▶ [Activity]: Starting at the line below with "原厂释出 Bmw M2" and stopping at the line with "Сапожник Копытко и утка Кря (1972) 40", please print each line exactly, those two included, and skip every picture.

▶ [Material to process]:

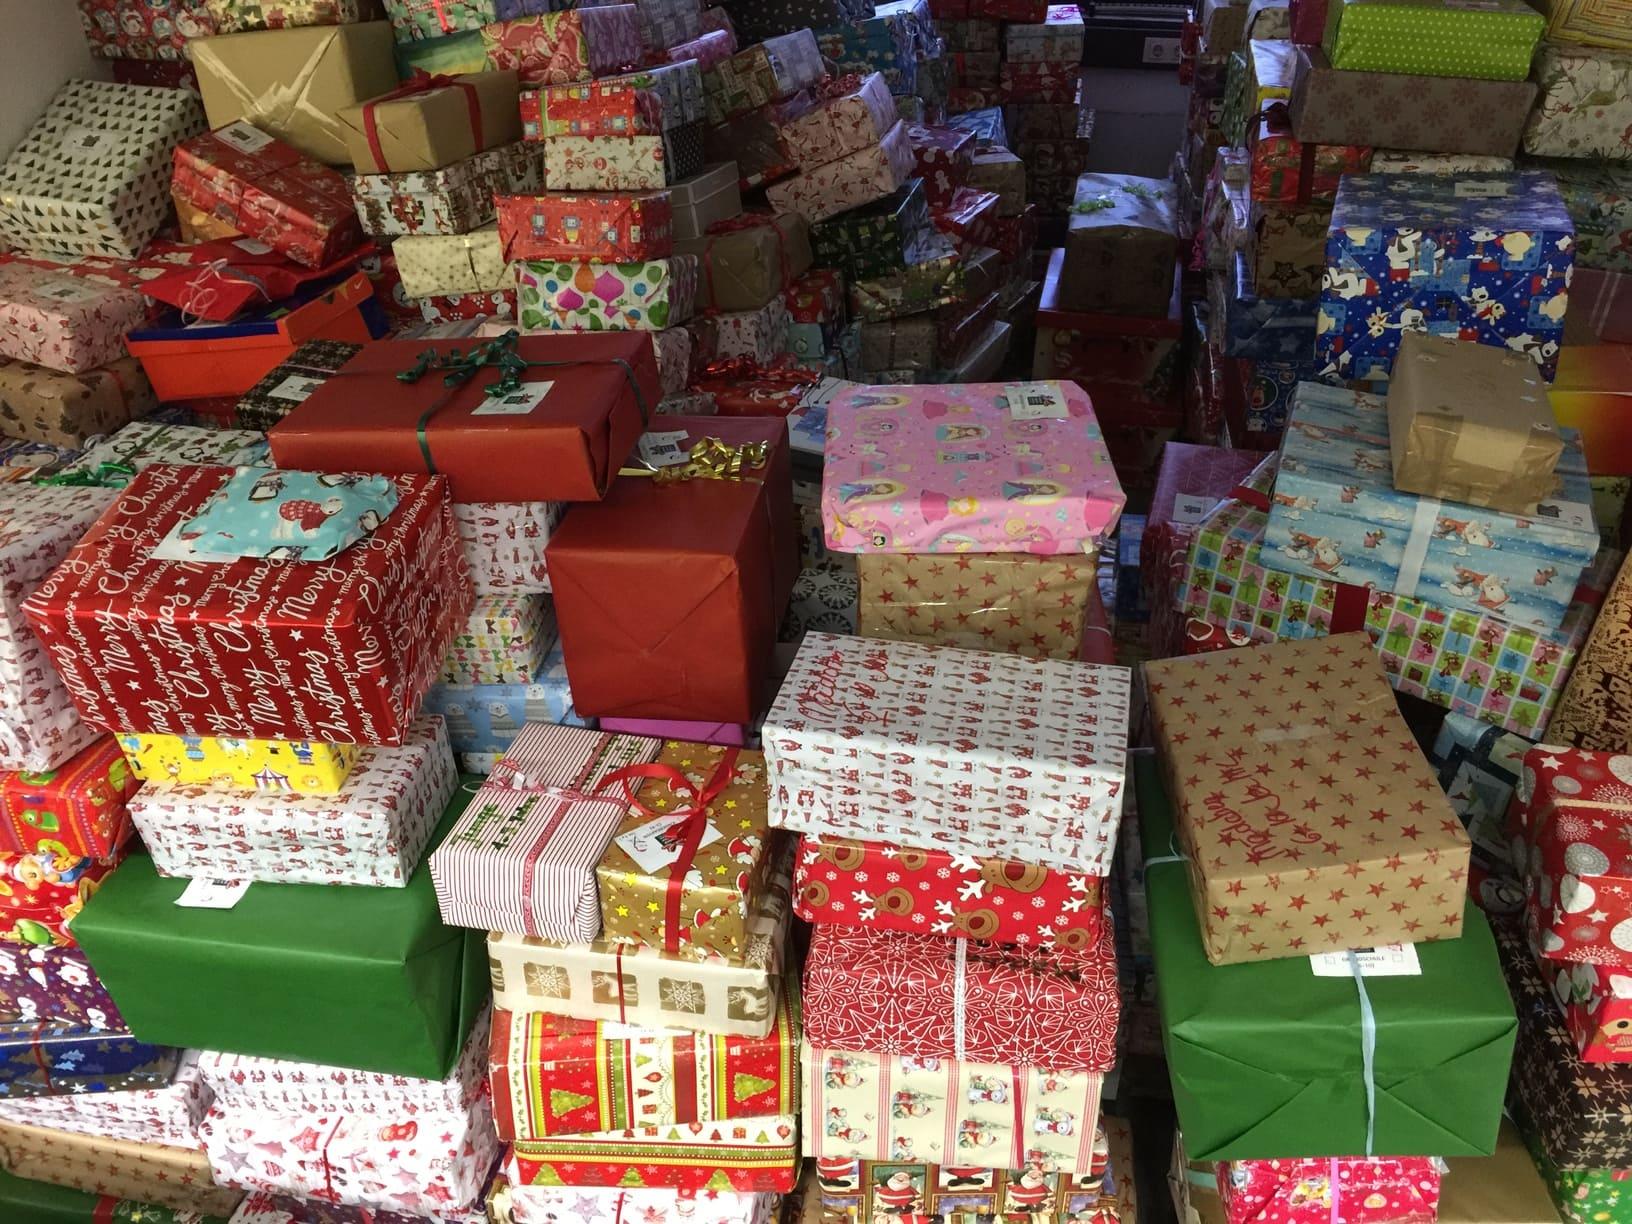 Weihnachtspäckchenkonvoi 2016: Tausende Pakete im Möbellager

* * *

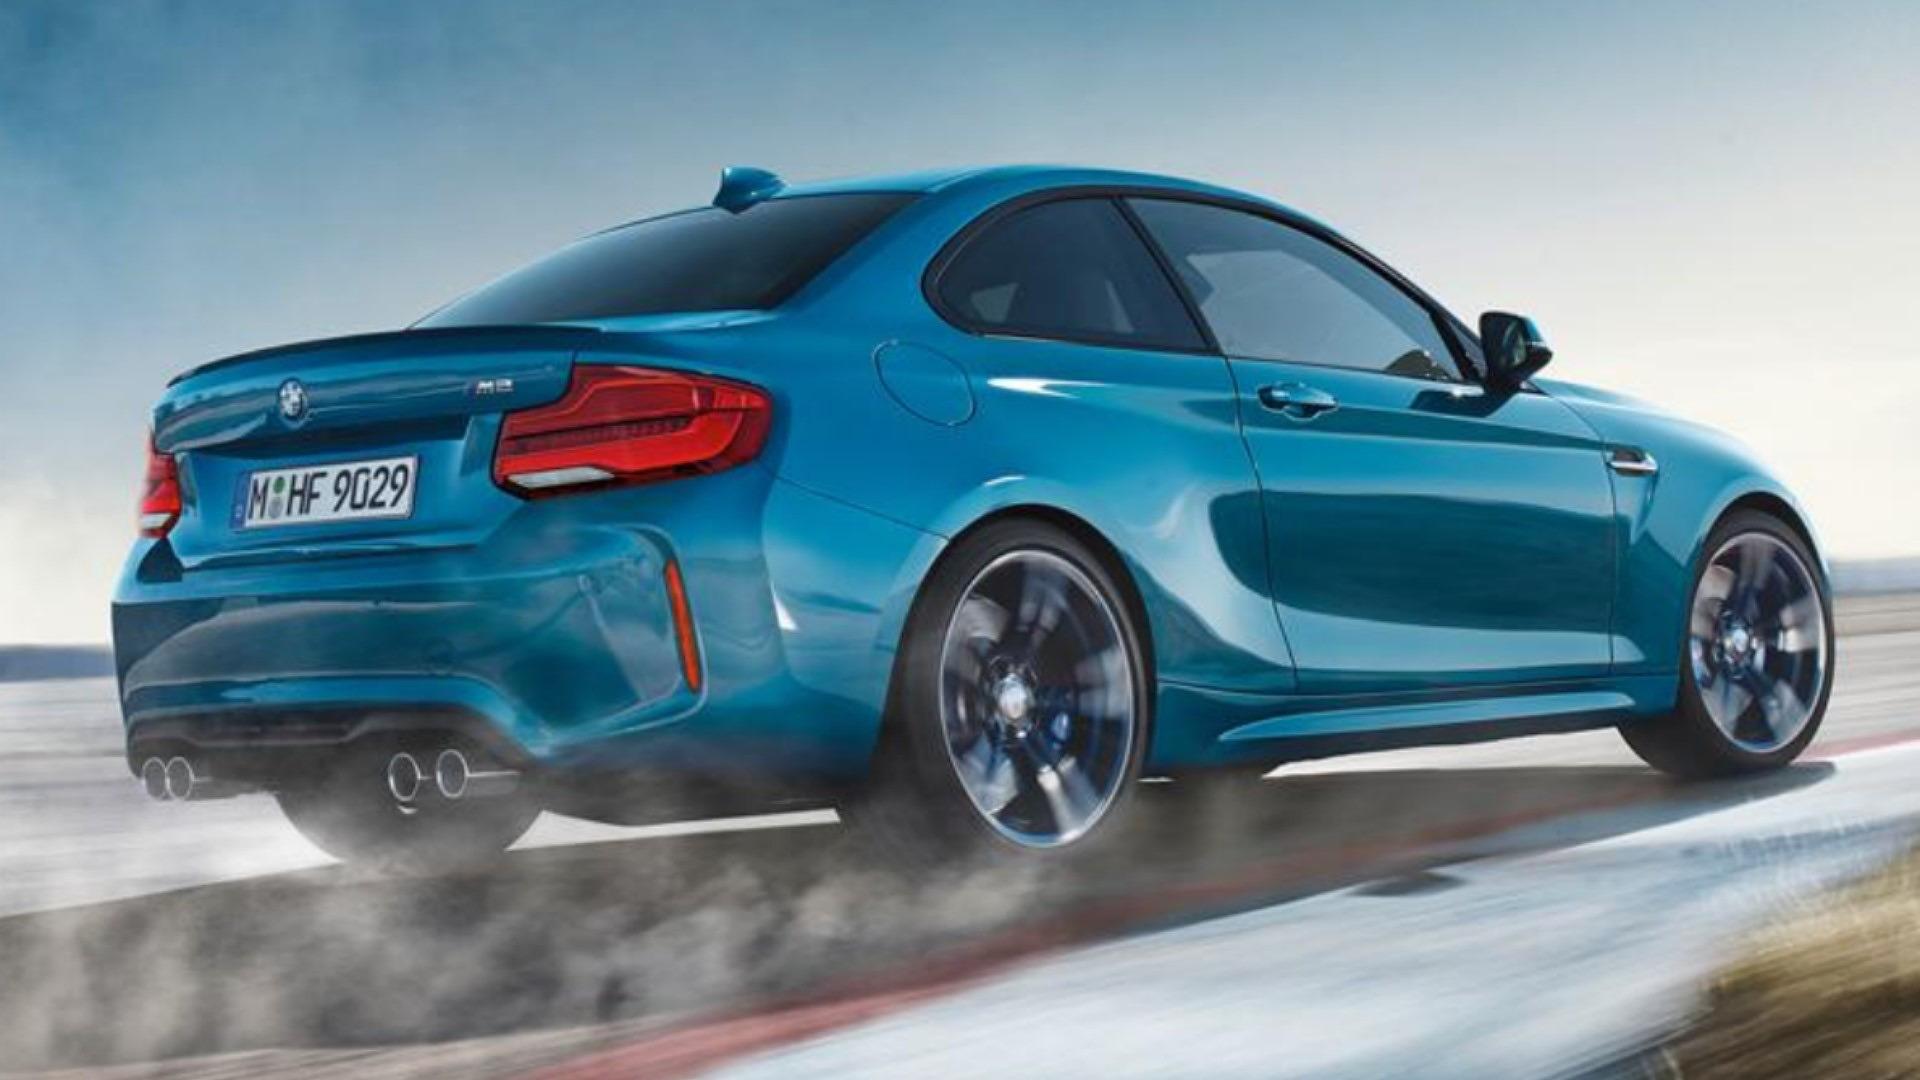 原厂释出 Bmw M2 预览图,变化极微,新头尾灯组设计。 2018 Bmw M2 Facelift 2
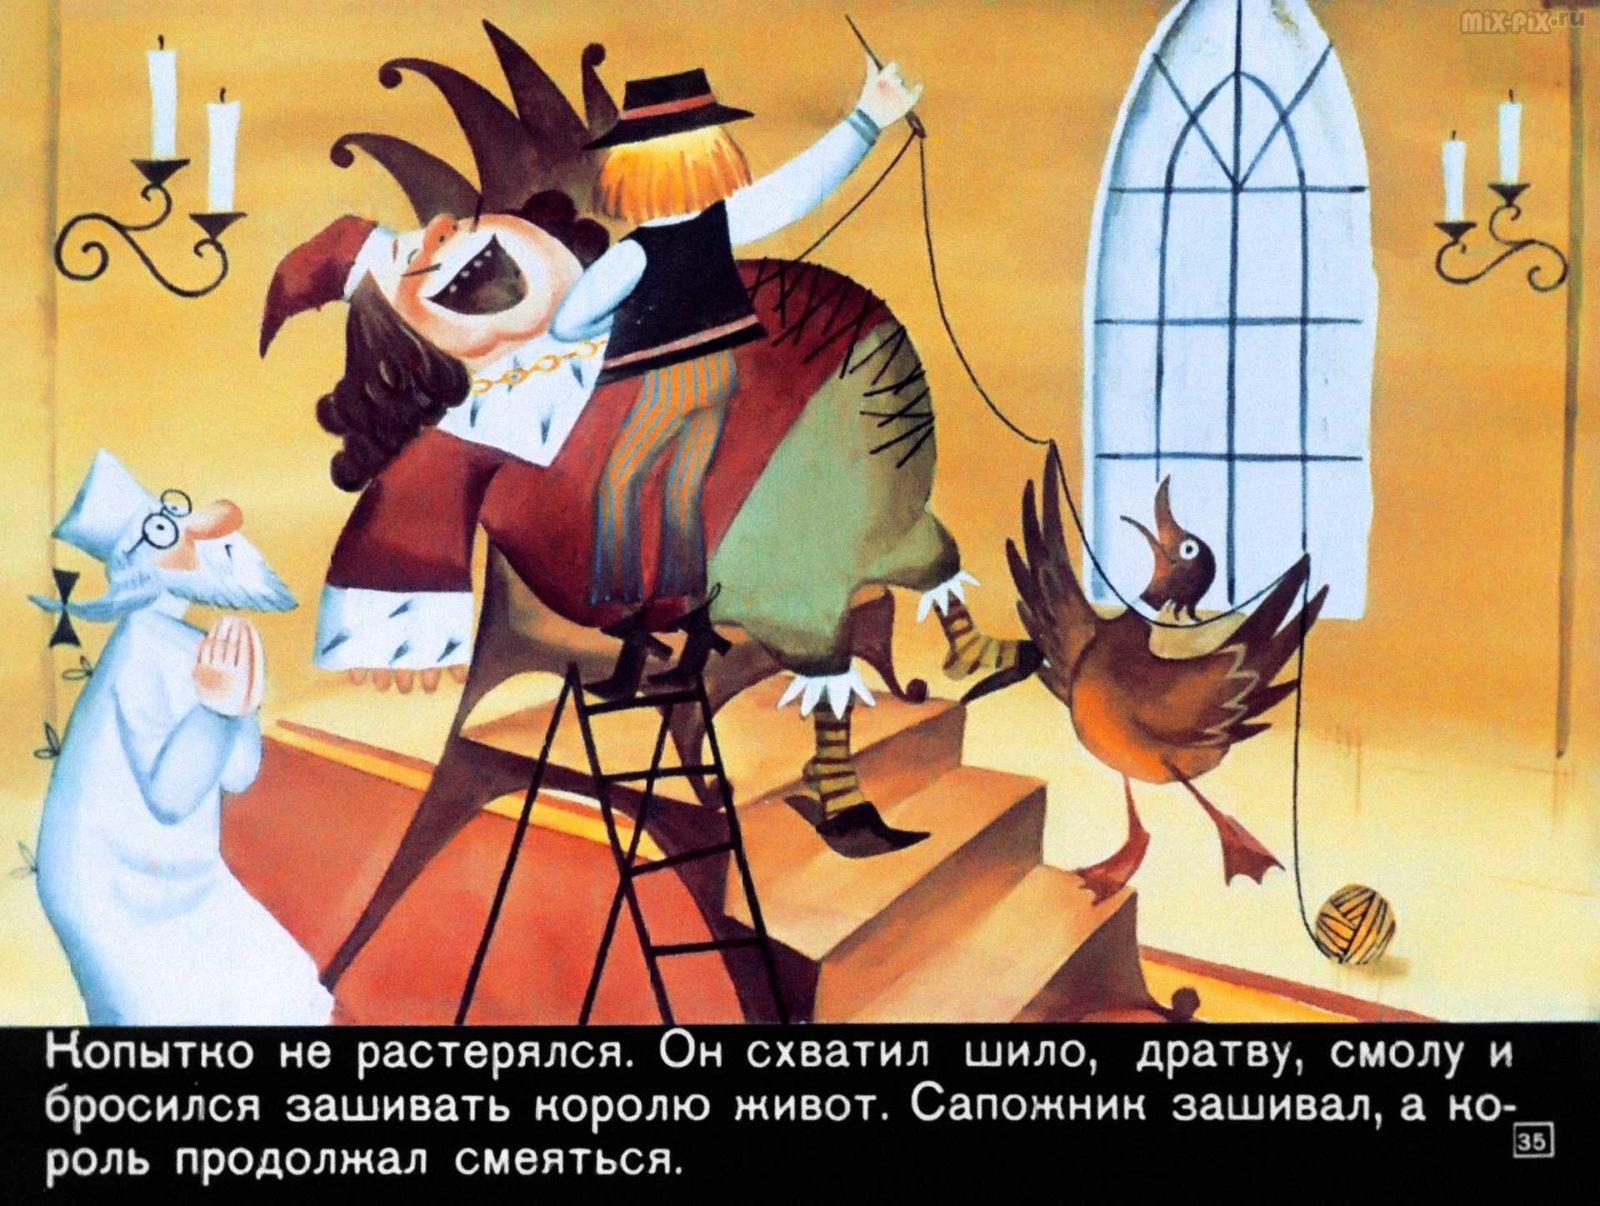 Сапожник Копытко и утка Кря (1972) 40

▶ [The completed task]:
 原厂释出 Bmw M2 预览图,变化极微,新头尾灯组设计。 2018 Bmw M2 Facelift 2
 Сапожник Копытко и утка Кря (1972) 40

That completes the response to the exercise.